Jadwiga Bogucka, an 84-year-old non-Jewish Pole, was sent to Auschwitz in 1944 for taking part in the Warsaw uprising against the Germans. Before the ceremony, she told The Associated Press that Wednesday's weather was similar to that on Jan. 27, 1945, when she woke up and found the Nazis had fled the camp.
"It was all covered in snow and it was very cold. There was no gong as usual for breakfast that morning, but the previous night there had been the usual terror, or even worse - the roll call, the screaming of the SS men," said Bogucka, who was 19 at the time.
"I left the barrack to see what was going on (and) there were dead bodies everywhere, because the Germans had shot anyone still able to move or who tried to flee," she said.
The Nazis opened Auschwitz as a concentration camp in the summer of 1940 after they invaded and occupied Poland. Its first prisoners were non-Jewish Poles and others. Because of its central location, Germany soon turned it into a center for implementing the "Final Solution," the plan to kill Europe's Jews.
By the end of World War II, at least 1.1 million people, mostly Jews, but also non-Jewish Poles, Gypsies and others, had died in the gas chambers at Auschwitz-Birkenau or from starvation, disease and forced labor. Some 6 million Jews overall were killed in the Holocaust.
In other commemorations, German-born Pope Benedict XVI spoke at the Vatican of "the horror of crimes of unheard-of brutality that were committed in the death camps created by Nazi Germany."
Israeli President Shimon Peres addressed the German parliament, calling for the surviving perpetrators of the Holocaust to be brought to justice.

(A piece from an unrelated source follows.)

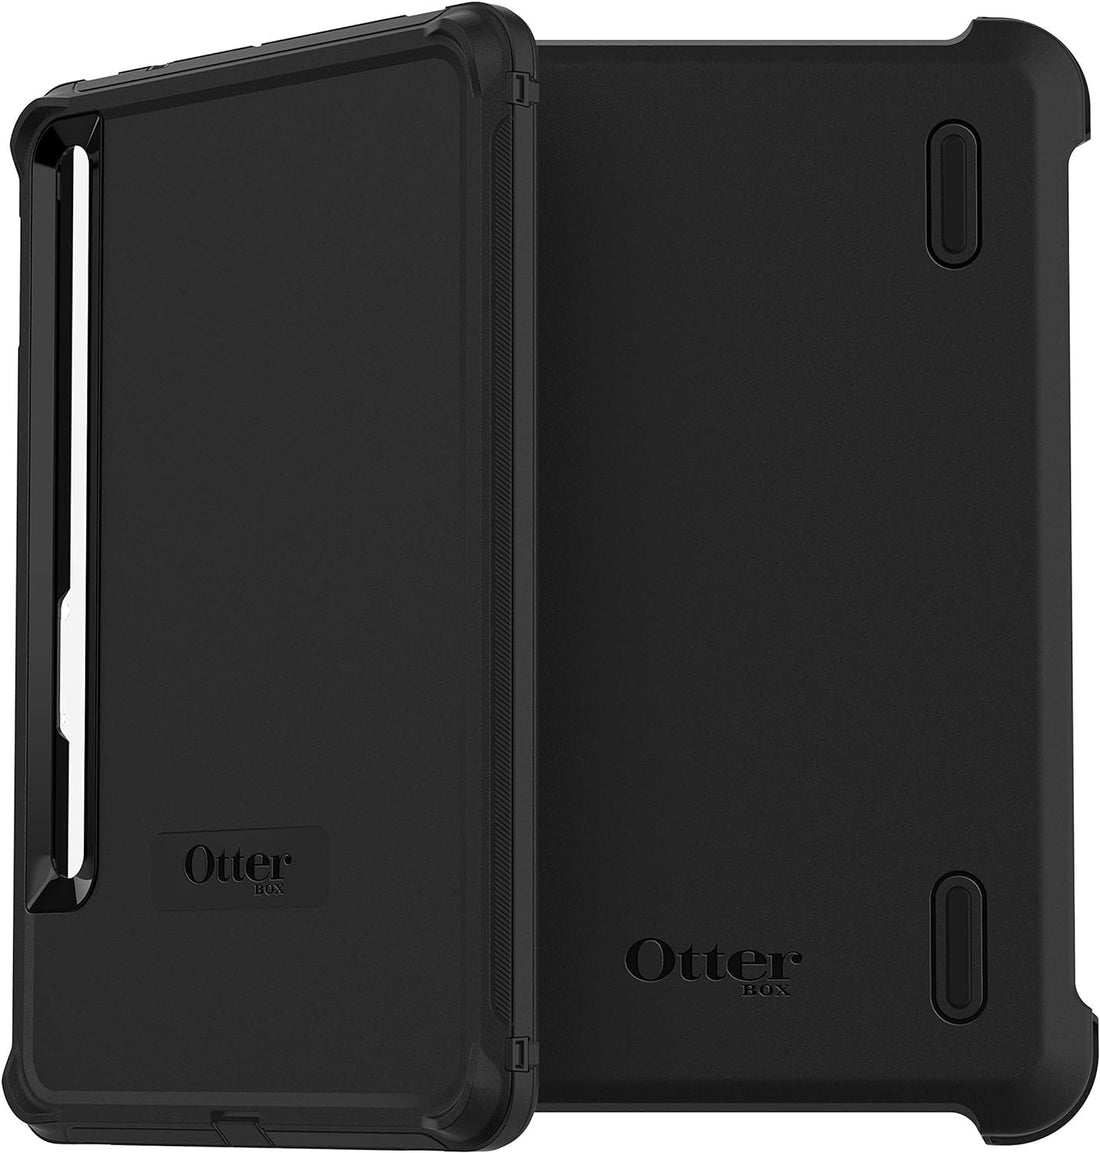 OtterBox DEFENDER SERIES Case for Samsung Galaxy Tab S7 - Black (Certified Refurbished)

"Across the world, survivors of the Holocaust are gradually departing from the world of the living," Peres said.
"At the same time, men and women who took part in the most odious activity on earth - that of genocide - still live on German and European soil, and in other parts of the world," he added. "My request of you is: Please do everything to bring them to justice."
In Hungary, government officials promised to pursue efforts to criminalize Holocaust denial and drew parallels between the rise of pro-Nazi groups in the 1930s and the current strengthening of far-right parties.
"The struggle against extremists begins with remembrance," said Csaba Molnar, head of the prime minister's office. Historians say about a third of those killed in Auschwitz were Hungarians.